A program designed to increase access to treatment and infection-prevention tools has reduced malaria cases in southern Mozambique by 85 percent, but has not eliminated the disease, according to an analysis published by PLOS Medicine.

The Magude Program, a five-year initiative that provided people in the region with mosquito netting, antimalarial drugs and education on ways to prevent the mosquito-borne infection, prevented an estimated 40,000 cases of the disease, the researchers said, UPI reported.

As a result of the program, the percentage of the population infected with malaria dropped to 1.4 percent in 2018 from 9.1 percent three years earlier, they said.

“This is an extremely valuable project for advancing the fight against malaria,” Ariadna Bardolet, director of the international cooperation program at ‘la Caixa’ Foundation, one of the sponsors for the initiative, said in a statement.

Mozambique has among the highest per capita rates of malaria globally, according to the World Health Organization, which aims to eradicate the disease by 2050.

An estimated 230 million people worldwide are infected with the virus each year, and more than 400,000 die from the disease, the WHO estimates.

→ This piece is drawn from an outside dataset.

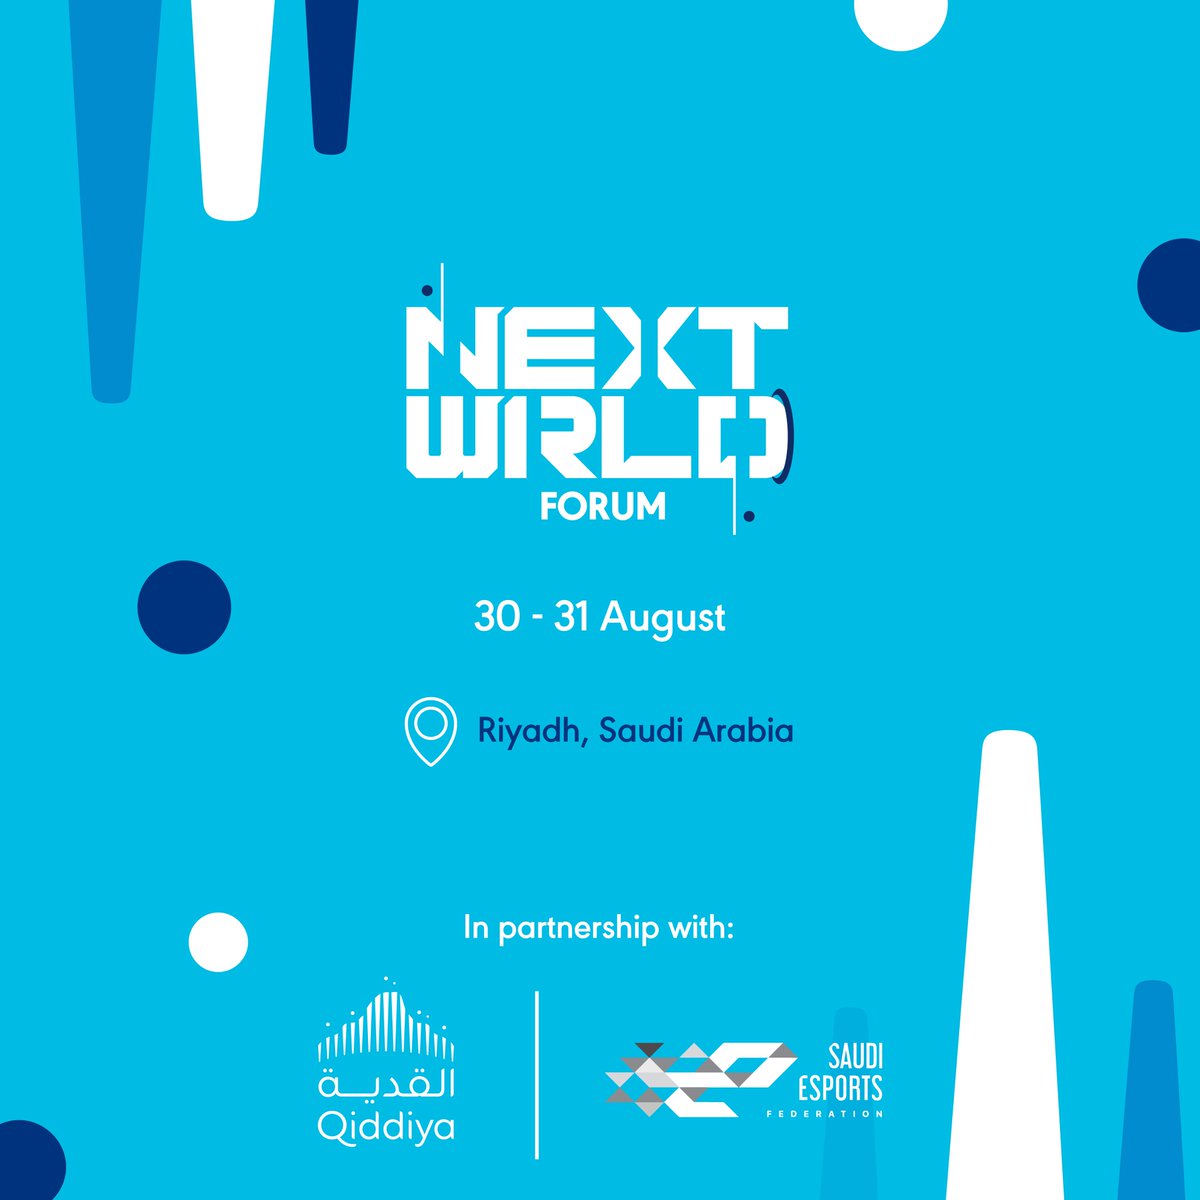 Experts and speakers from all around the gaming world have gathered in Riyadh for the #NextWorldForum to discuss the most important topics relating to the gaming and Esports sector. Follow the forum's activities tomorrow through a livestream on this link: youtube.com/@nextworldforu…

Working with the Barcelona Institute for Global Health and the Manhica Health Research Center, the Mozambican Alliance Towards Elimination of Malaria developed the Magude Project with financial support from ‘la Caixa’ and the Bill and Melinda Gates Foundation.

The program targeted Magude, a rural region in southern Mozambique with 48,448 people living in 10,695 households, the researchers said.

In the first phase of the program, the initiative established protocols for the detection and treatment of malaria cases and administered two rounds of antimalarial drugs to the entire population over two consecutive years, they said.

Initiative workers also distributed insecticide-treated bed-nets and conducted annual insecticide spraying in all households in the region.

“These findings unequivocally show that we can increase the number of lives saved by optimally applying the tools we have today, while we develop new ones to address the gap between low and zero transmission,” Philip Welkhoff, Malaria Program Director at the Bill and Melinda Gates Foundation, said in a statement.

“We can turn the corner and ultimately achieve malaria eradication.”